Fix: Confirm the following ports are open between each machine pair:

SourceDestinationPorts
ObserverMaster APP and Slave APP80 (optional), 443
ObserverMaster DB and Slave DB5432, 8008
Master DBObserver2379, 2380, 5000
Slave DBObserver2379, 2380, 5000
Master DBSlave DB5432, 8008

Check both OS-level and network-level firewall rules on each machine.

Patroni on Slave DB is active before Step 5

Cause: Patroni started automatically during the Slave DB Patroni setup in Step 4. Starting it before DB configuration causes split-brain issues.

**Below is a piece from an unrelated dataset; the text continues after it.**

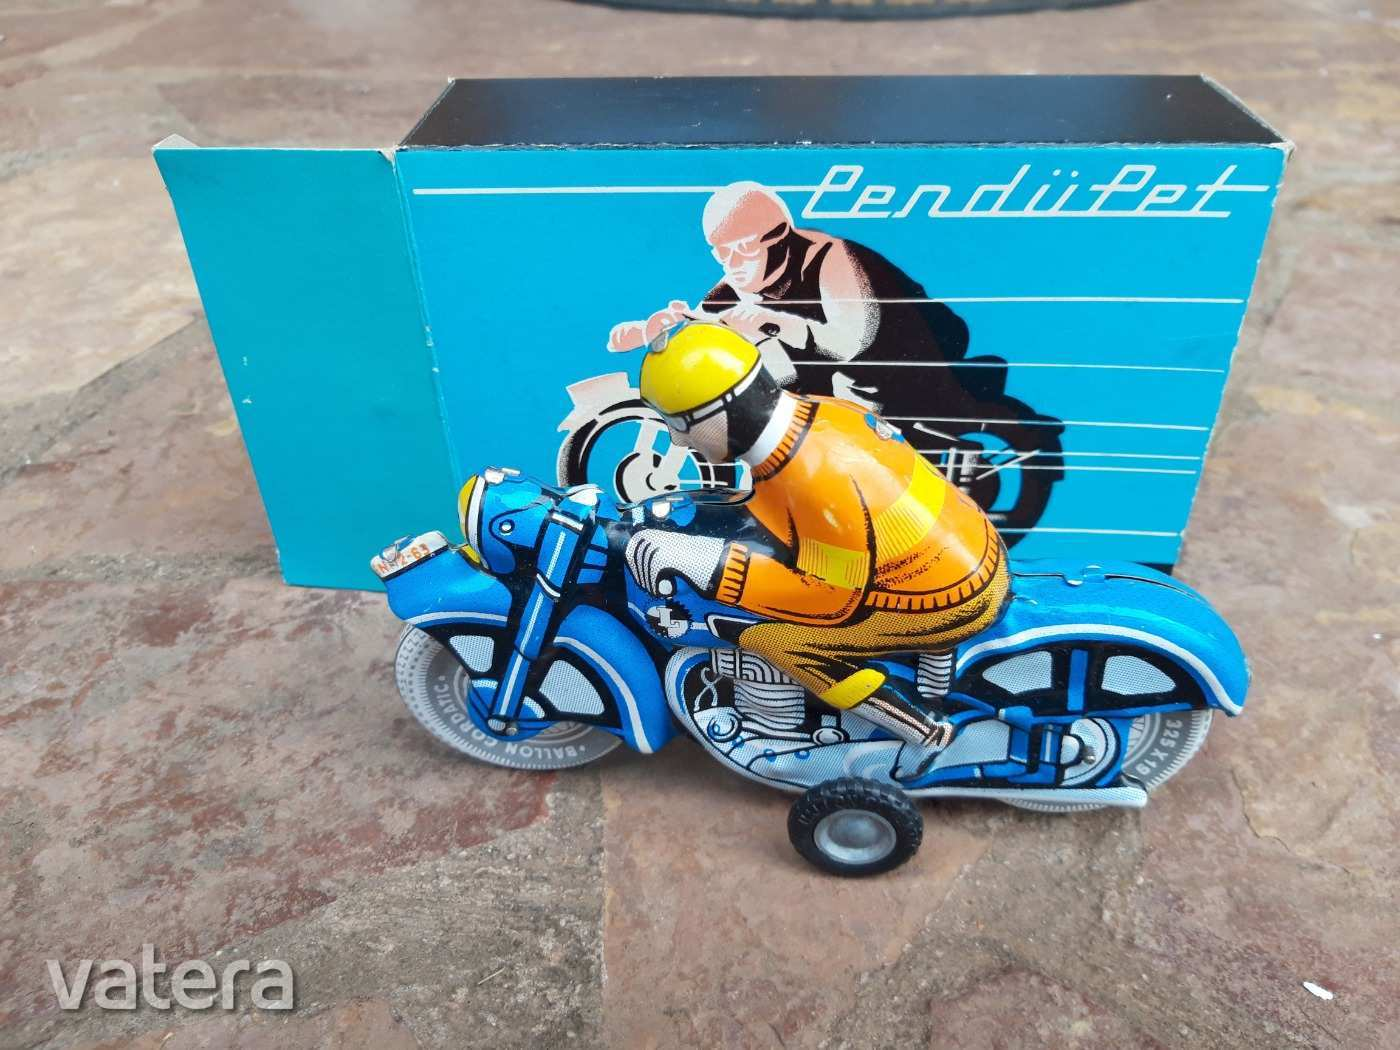 ritka-lemez-motorkerekpar-az-eredeti-dobozaban-c92b_8_big.jpg

Fix: Stop Patroni on the Slave DB before running Step 6:

systemctl stop patroni
HTTPS port not listening after restart

Cause: The CertificateFilePath or KeyFilePath in appsettings.json still has a leading underscore, or the file path is incorrect for the OS.

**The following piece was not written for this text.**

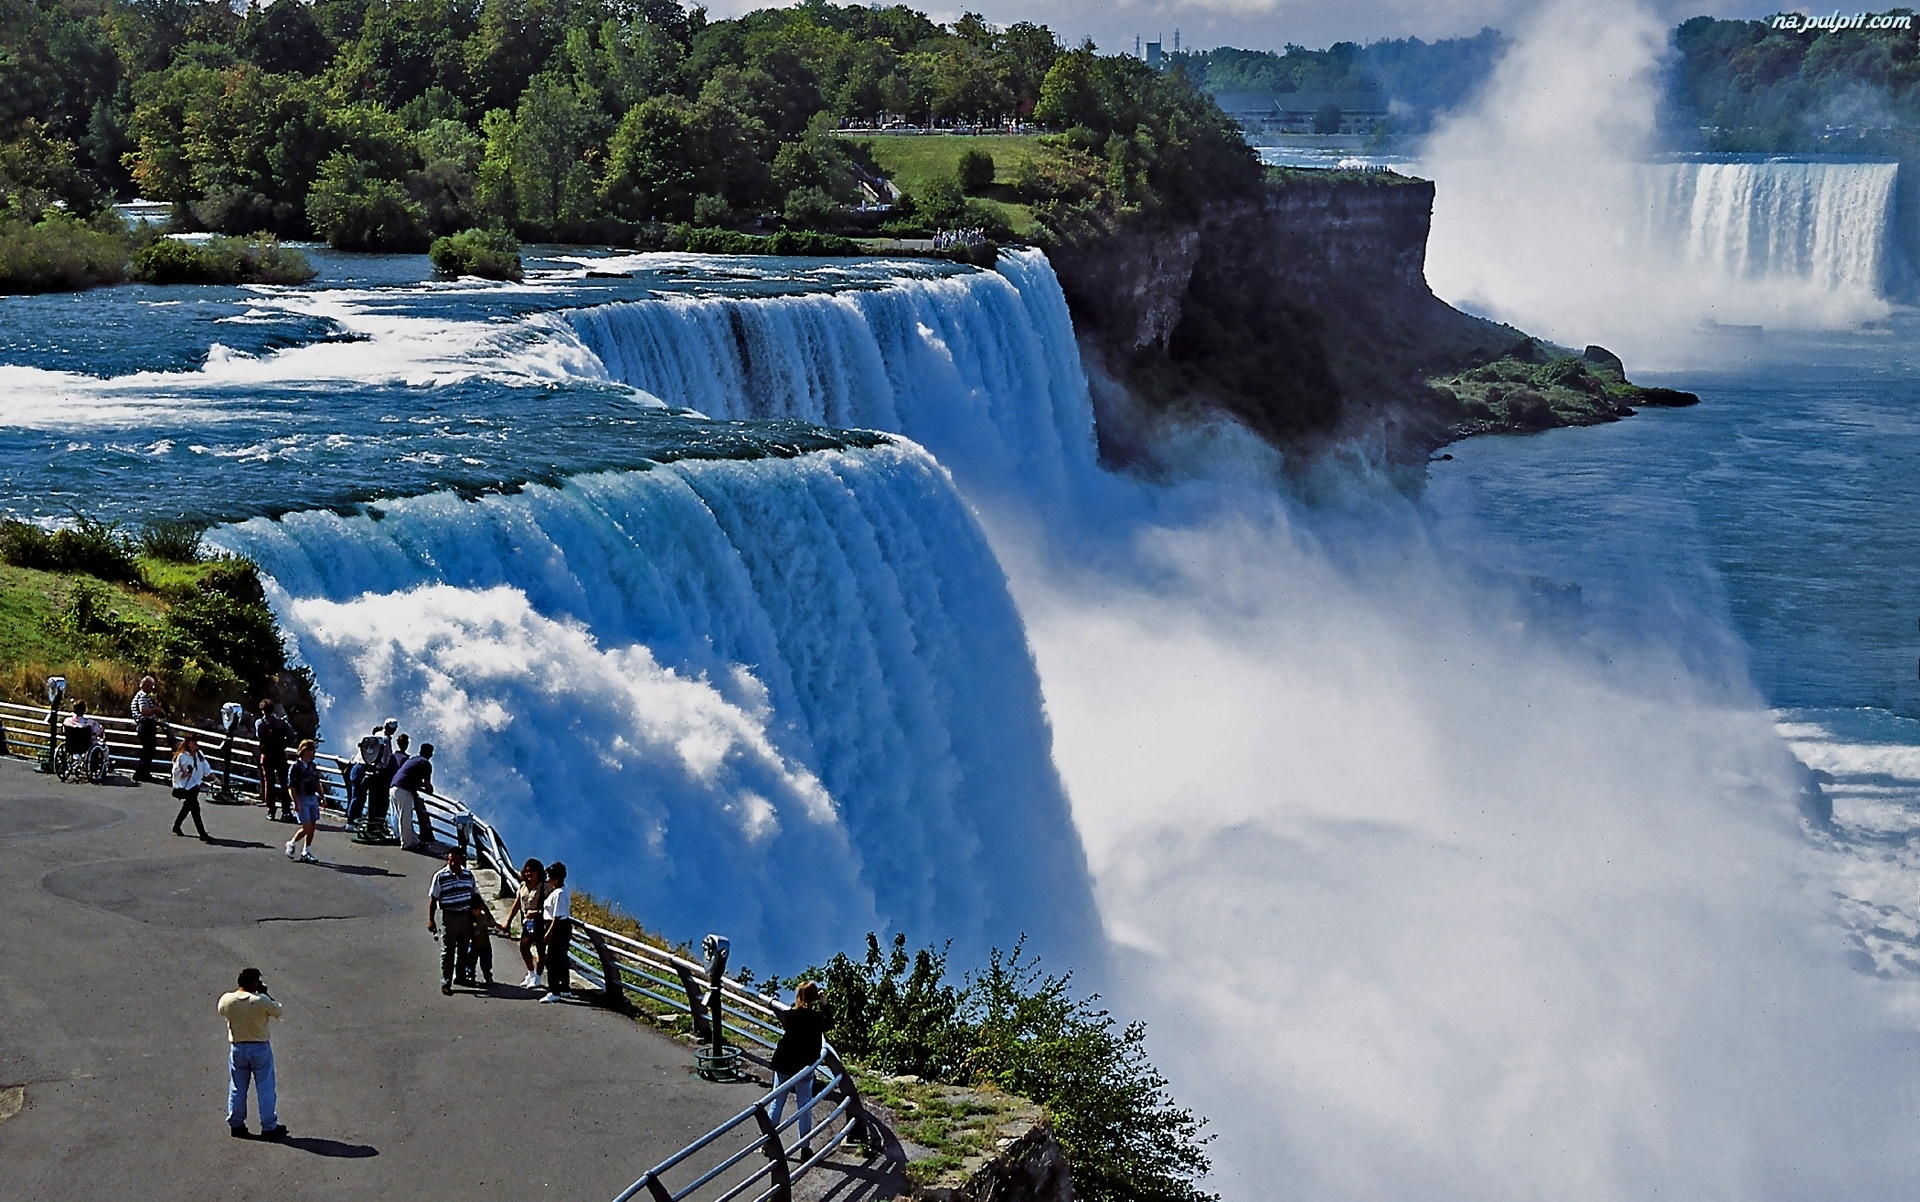 Widokowy, falls, niagara, kanada, taras

Fix: Open appsettings.json and confirm the leading underscore is removed from both CertificateFilePath and KeyFilePath. Verify the file paths exist and use the correct path separator for the OS. Restart the poller service and re-run the verification commands.

Best Practices

Follow these recommendations to keep your Patroni-based HA environment stable and recoverable.

  • Back up before every configuration change. Take a full database backup before running any HA setup script in a production environment. Restoring from backup is faster than debugging a failed configuration.
  • Synchronize time across all nodes. ETCD relies on clock consistency for leader election. Run NTP on every machine and verify clocks are in sync before starting the setup.
  • Use the same OS and PostgreSQL version on all nodes. Version drift between Master and Slave causes replication failures. Confirm all nodes run identical OS and PostgreSQL versions before proceeding.
  • Verify firewall ports before running any installer. Blocked ports are the most common setup failure. Check all required ports are open at both the OS and network level before starting Step 1.
  • Never start Patroni on the Slave manually before DB configuration runs. Patroni on the Slave must remain inactive until the DB configuration step activates it. Starting it early causes split-brain and data inconsistency.
  • Run the Application HA Observer as a non-root user. The MotadataAppHASetup and service_desk_ha_CI scripts must run as a standard OS user. Root execution causes the scripts to fail silently.
  • Keep /opt/HA owned by the same OS user on all nodes having sudo rights. Failover scripts write to this directory. Incorrect ownership prevents failover from executing. Use the user which is common in all machines and having sudo rights. You can change the ownership using the below command:
    • Syntax: chown -R <username>:<username> /opt/HA
    • Example: chown -R motadata:motadata /opt/HA
  • Monitor HAProxy stats after setup. The stats endpoint on port 7000 shows which node is currently active. Check it after setup to confirm HAProxy is routing to the correct primary node.
  • Test failover after completing setup. Simulate a Master failure in a staging environment to confirm Patroni promotes the Slave and HAProxy reroutes traffic as expected. Do not assume failover works without testing it.
  • Keep Nginx inactive on Slave application nodes. Nginx must not run on the Slave APP. An active Nginx service on the Slave causes routing conflicts with the Observer. Disable it after setup and verify it does not restart on reboot.